Boeing Max 8 Lesson - midef
https://amgreatness.com/2019/07/10/boeing-max-8-lesson-why-domestic-manufacturing-is-vital/
======
woliveirajr
> Even if we assume that the Indian subcontractors were just as competent as
> their American counterparts, hiring them was a mistake simply because they
> added an extra link to the production chain.

The problem is how many links you have. Anyone who works with projects knows
that every extra person adds problems to communication, and communication
happens to be the worst aspect to deal with everytime humans are in the loop.

Afterall, it isn't easy to clearly communicate. For every extra channel,
harder it gets to clearly state what has to be done.

And that's why engineering of complex things is hard and sometimes you have
much more people "doing control" than doing the actual work.

------
redleggedfrog
Any solid arguments in there are just lost with the slant.
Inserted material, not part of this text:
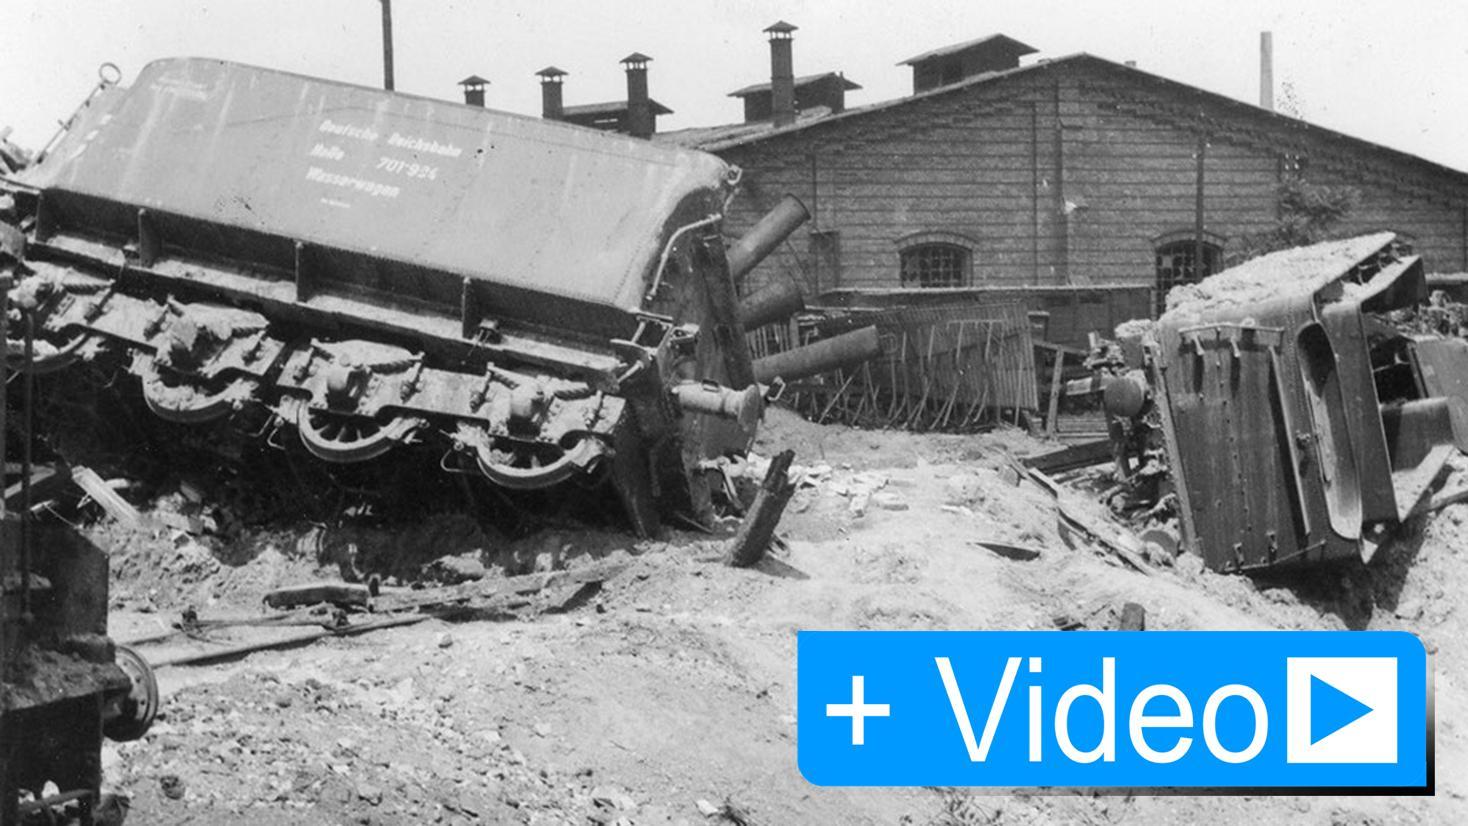 Am 20. Februar 1944 fand der erste Luftangriff auf Bernburg statt

You could replace
"Indian" contractors with "Floridian" contractors and you have the same
problem. It's not what they're paid (cause we all know developers are more
less equal around the world - right?) it's that they are outside the company
and communication adds overhead and potential for error.

Using subcontractors is a _hard_ problem for any complex endeavor. Even the
best companies struggle with it.

------
dsfyu404ed
Despite the conclusion and the source being biased in a direction that will
probably make steam come out of the ears of many a HN reader, this is a very
succinct and decent explanation of why complex engineering efforts tend to
have a high risk of going wrong.

------
cameldrv
I agree with the point about the difficulty of making complex high performance
products, and that overseas outsourcing can sometimes lead to problems.

As far as anyone knows at this point though, all of the business decisions,
designs, coding, QA and flight testing that led to the two crashes was done in
the U.S. by Boeing employees.

------
acqq
"American Greatness" blames the software and Indian subcontractors.

Wrong. The problems is in management of Boeing, and managerial decisions about
selling the technically impossible plane (impossible to fulfill the
specifications with which it was sold):

[https://dilbert.com/strip/1998-05-06](https://dilbert.com/strip/1998-05-06)